TRY IT: Pictures excluded, output exactly the lines from the one containing "Gr drama studio" through the last line of the listing below.

MATERIAL PROVIDED:
+ + + +

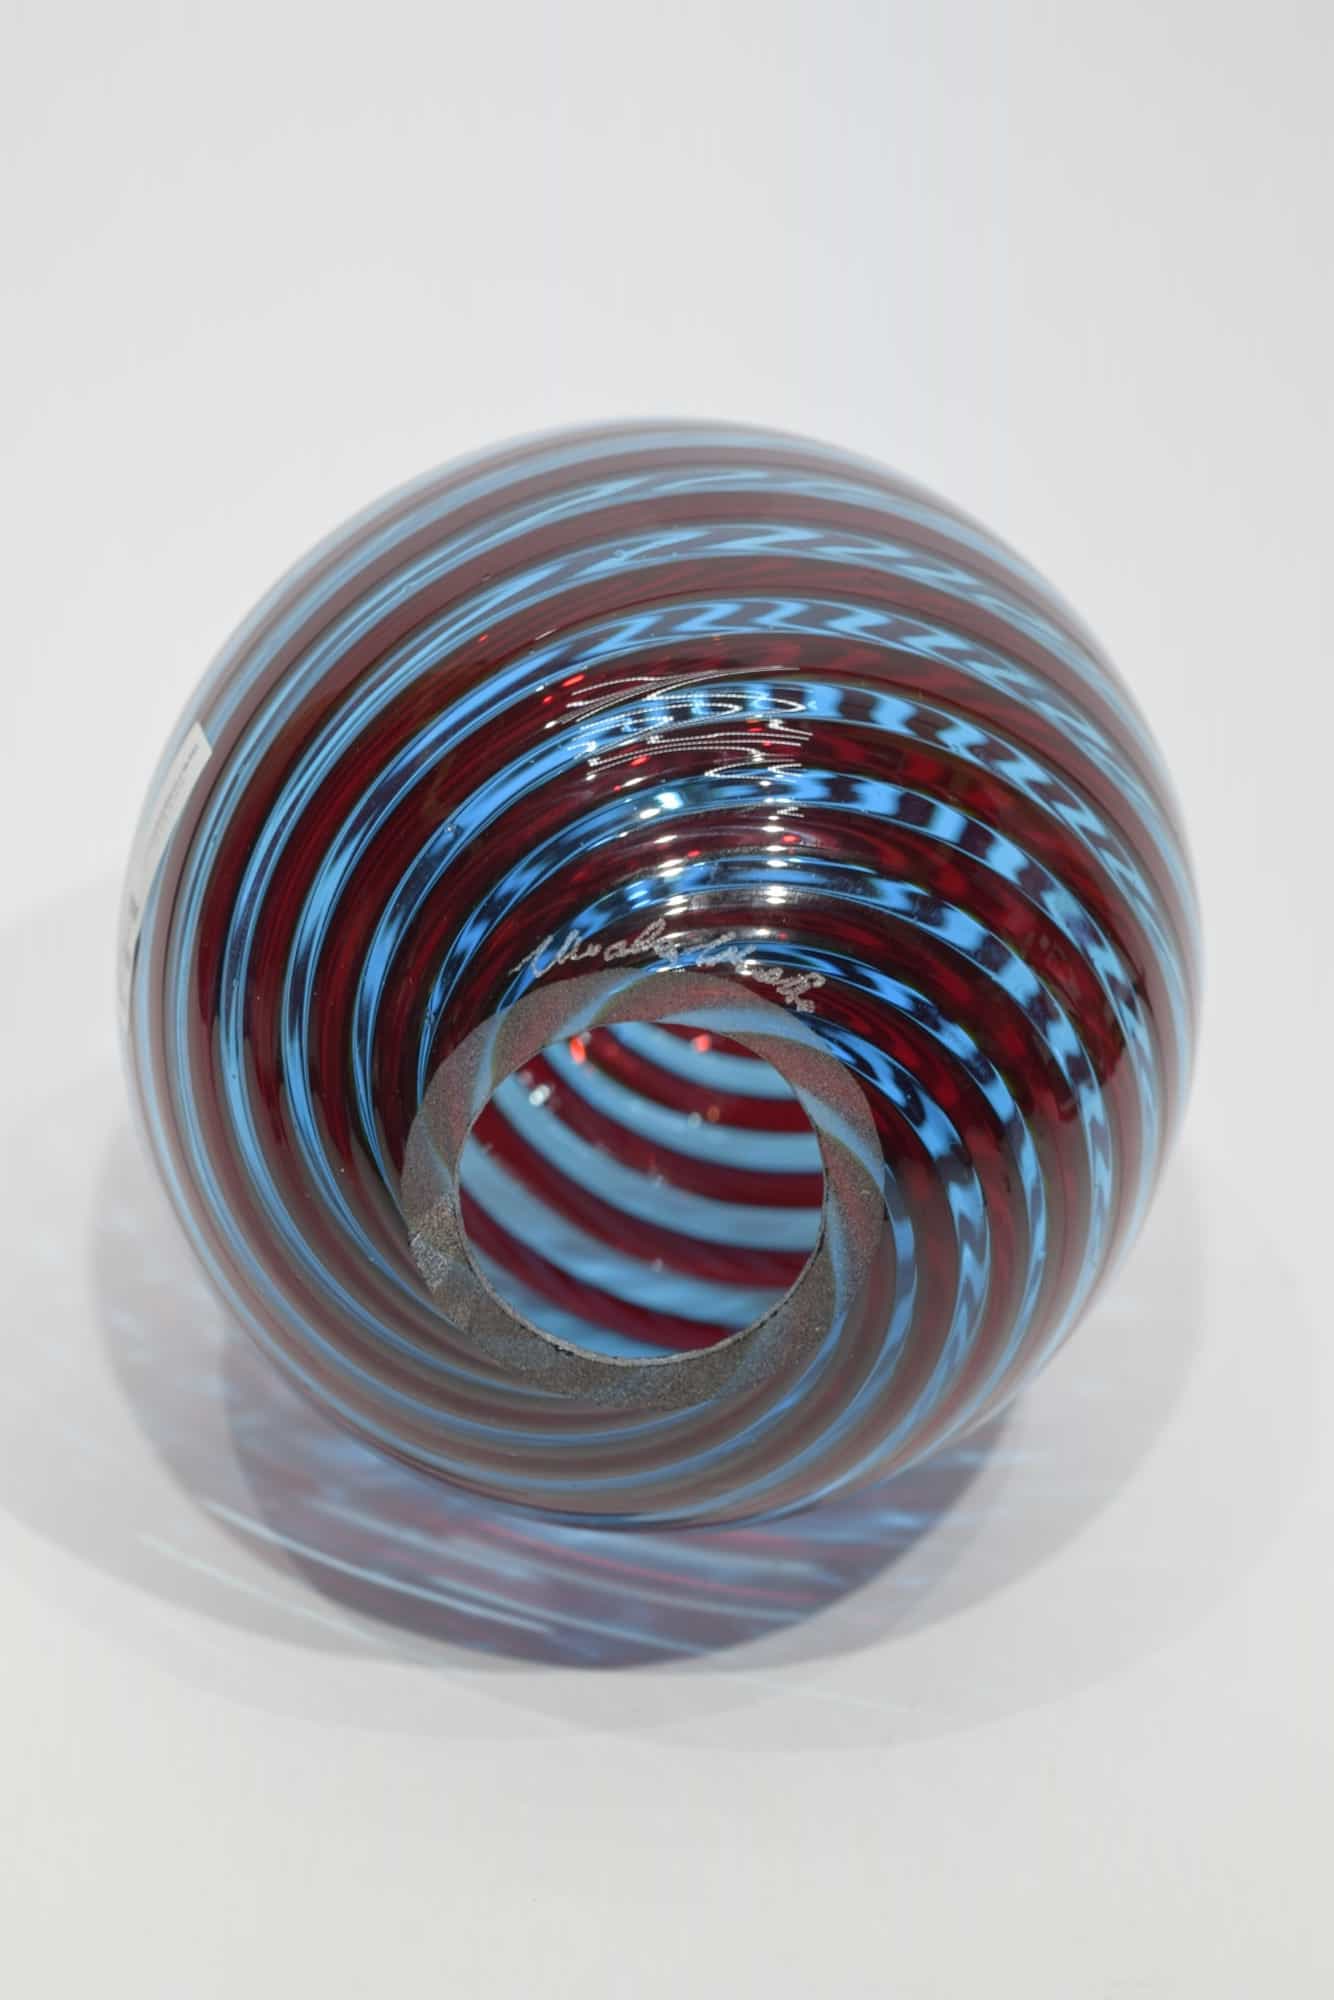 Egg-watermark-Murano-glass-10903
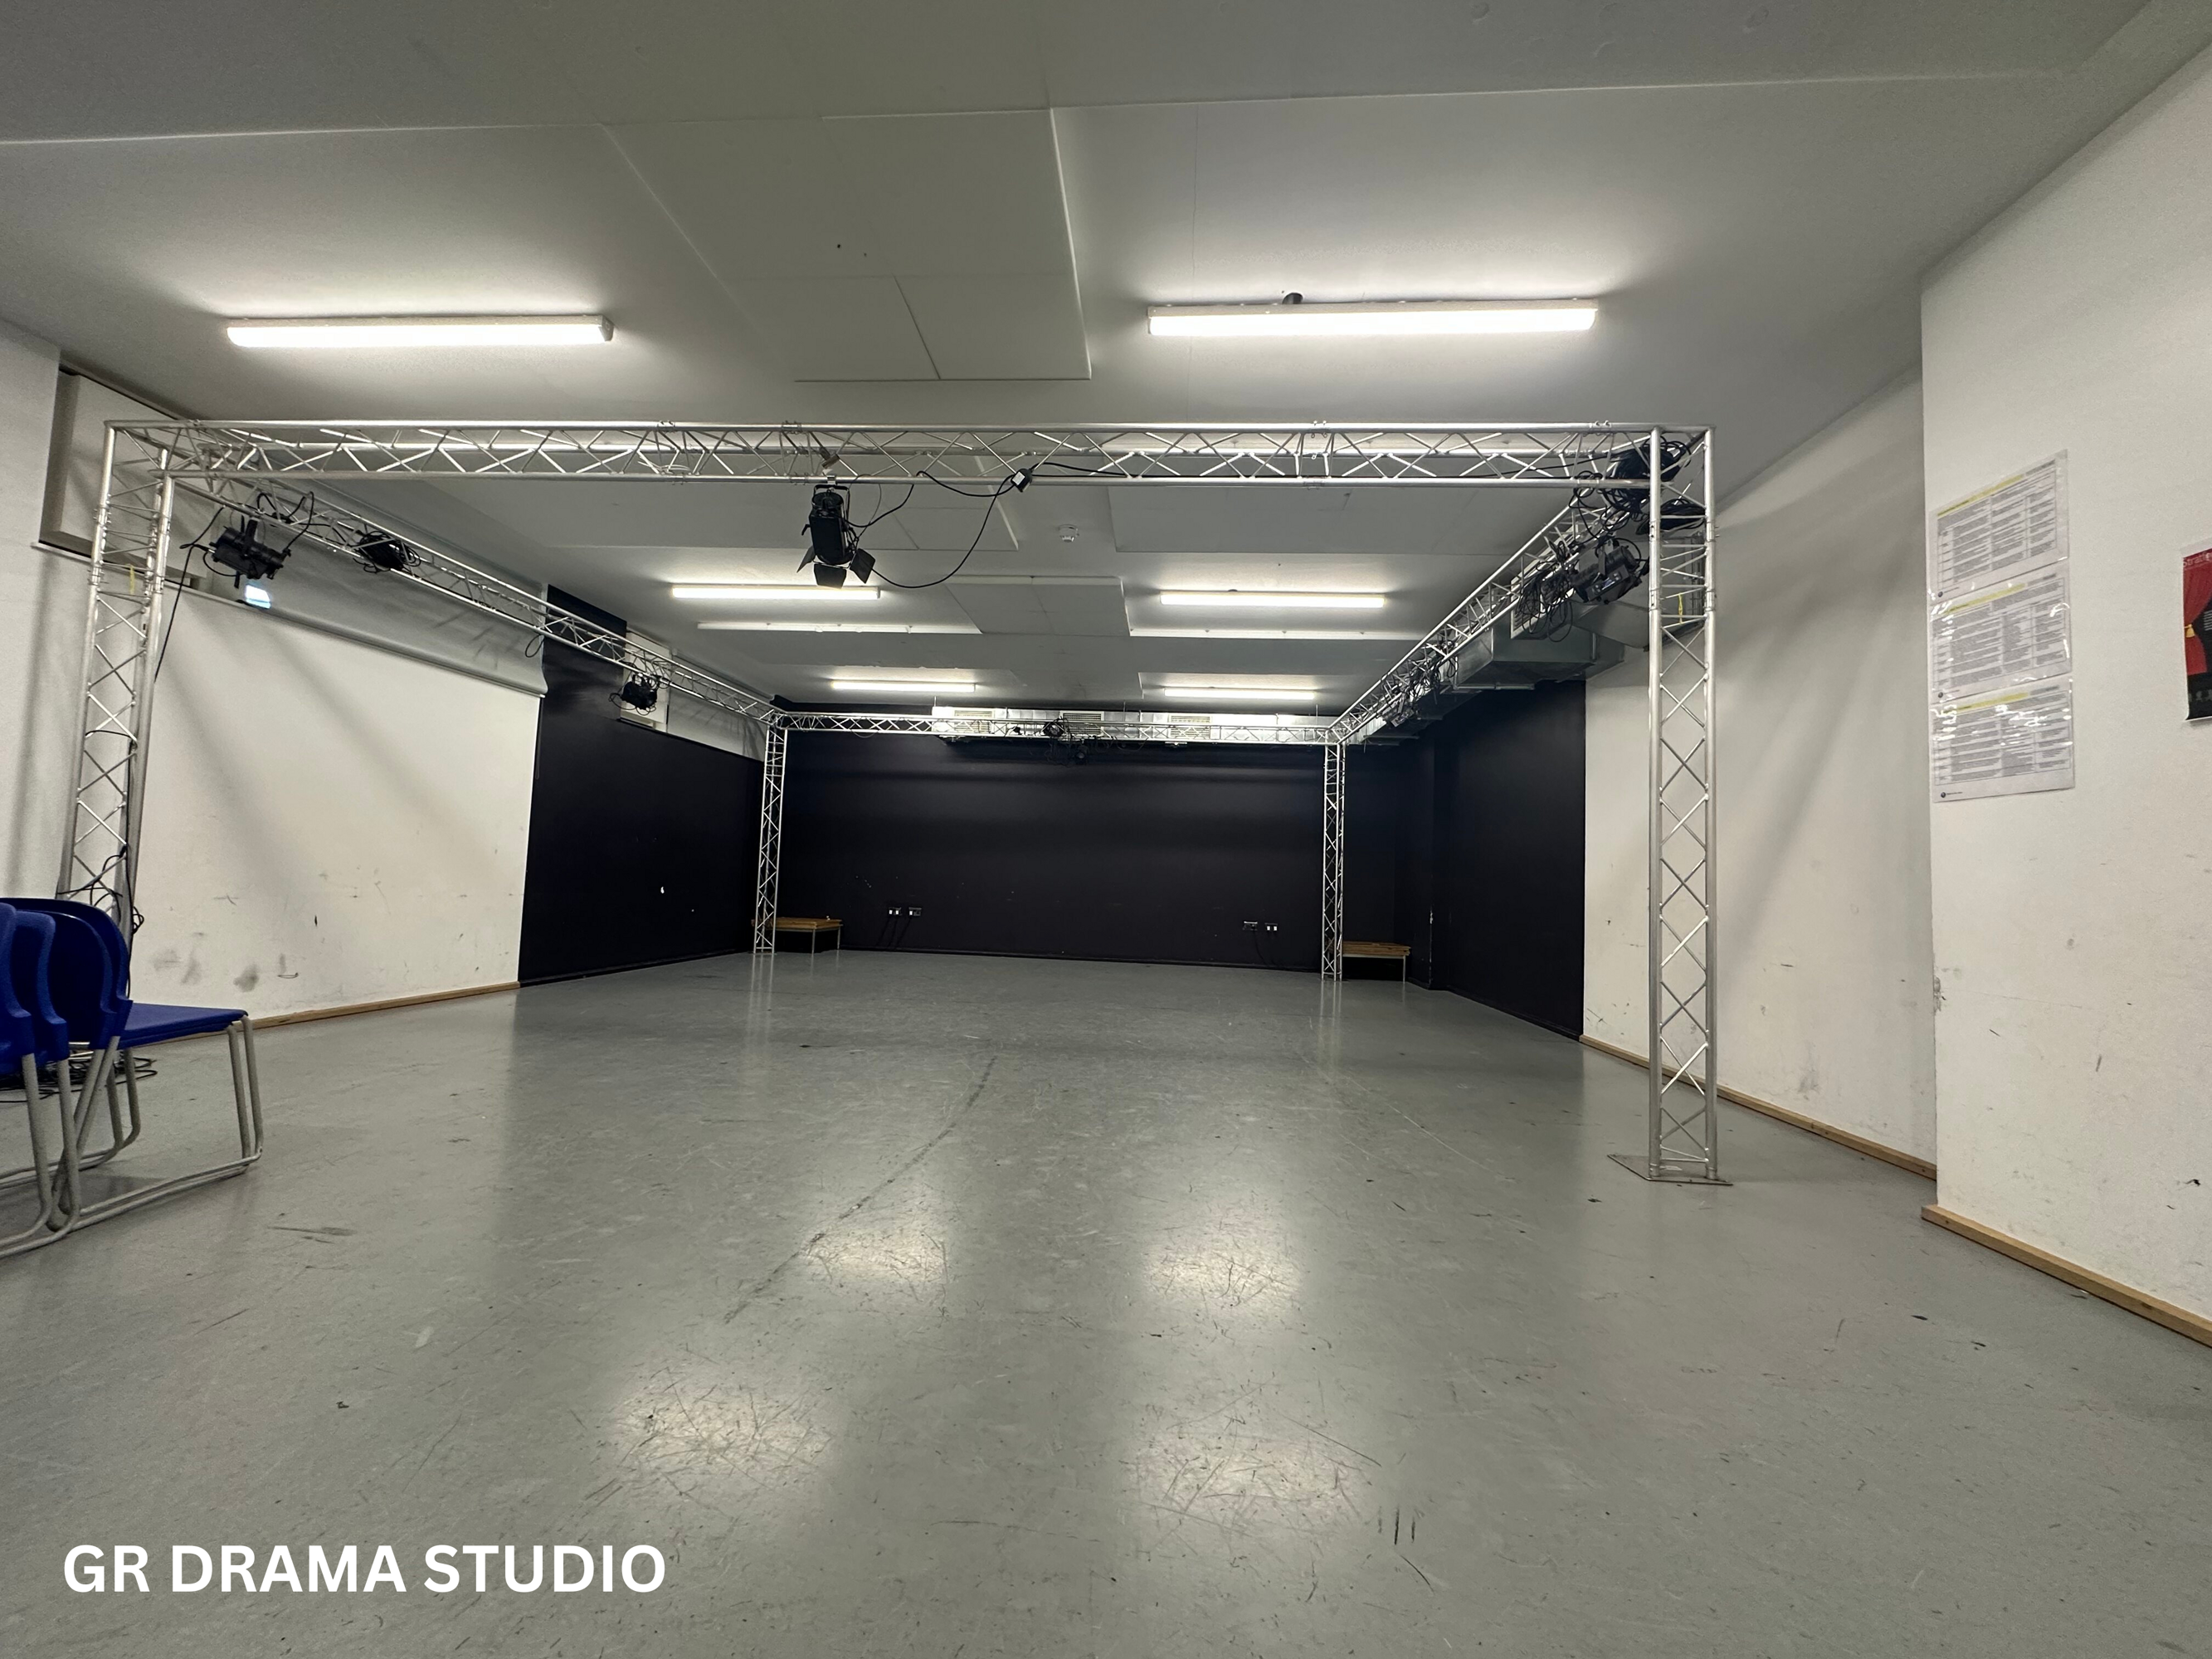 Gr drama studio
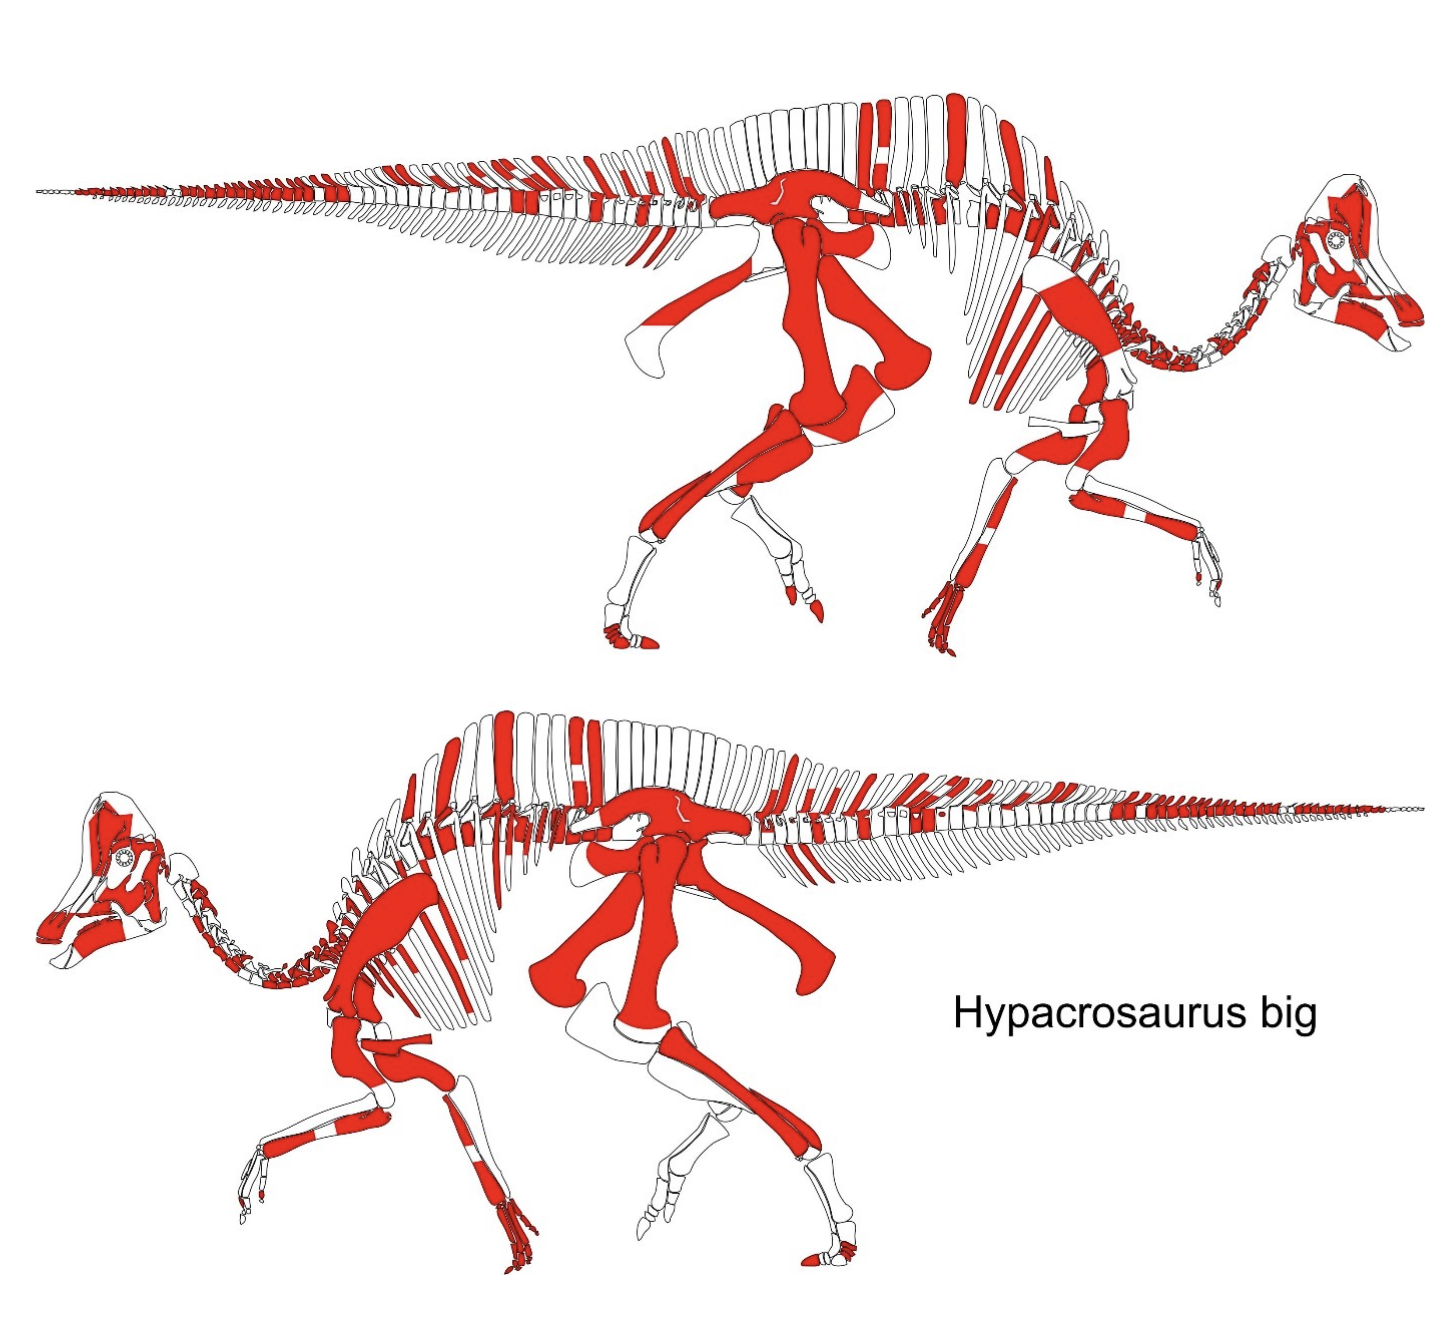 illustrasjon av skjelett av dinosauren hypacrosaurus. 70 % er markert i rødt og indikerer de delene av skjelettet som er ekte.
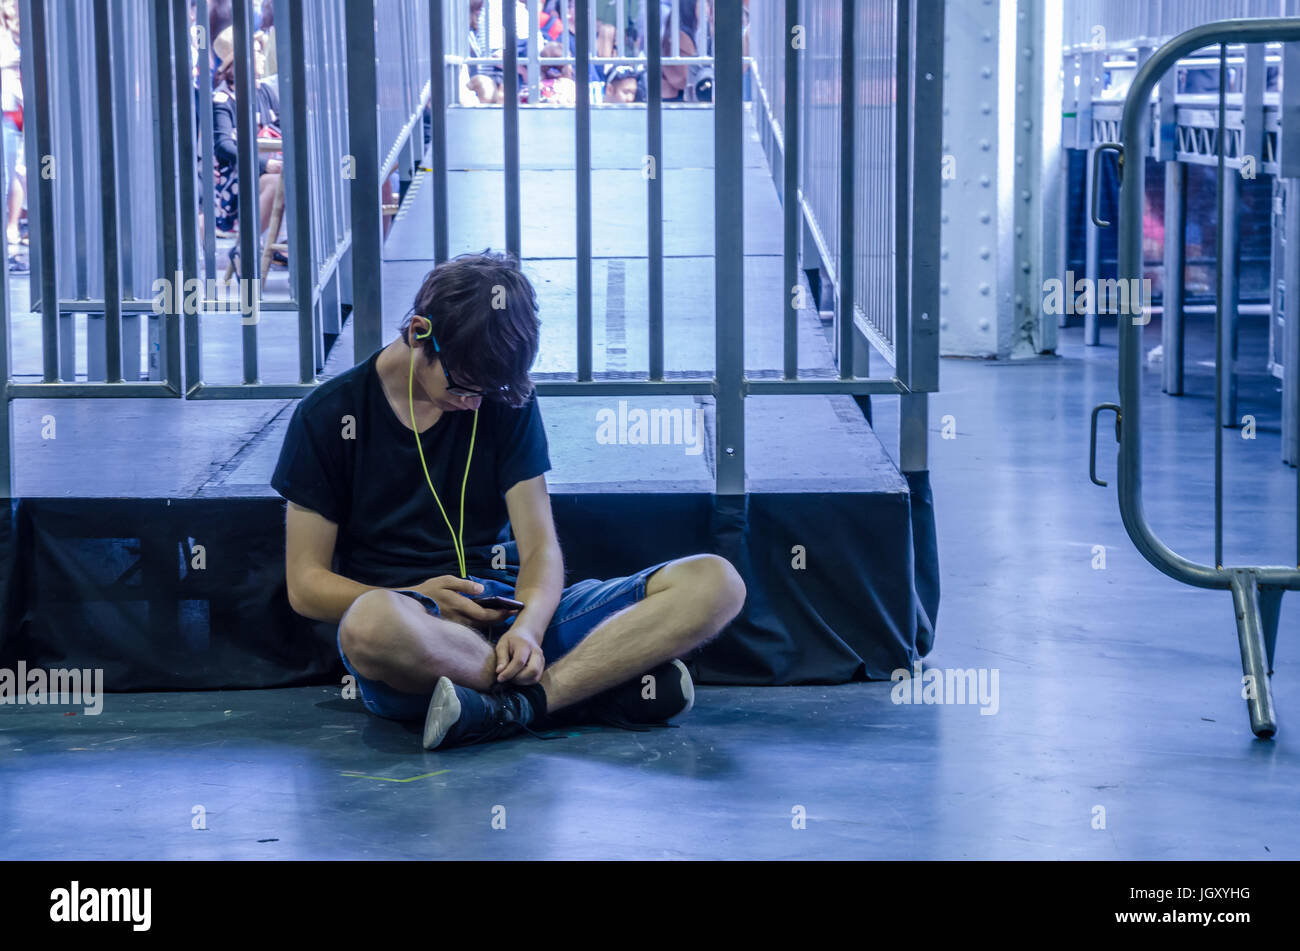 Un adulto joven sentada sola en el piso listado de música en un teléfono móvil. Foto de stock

+ + + +

SOLUTION TO THIS TASK:
 Gr drama studio
 illustrasjon av skjelett av dinosauren hypacrosaurus. 70 % er markert i rødt og indikerer de delene av skjelettet som er ekte.
 Un adulto joven sentada sola en el piso listado de música en un teléfono móvil. Foto de stock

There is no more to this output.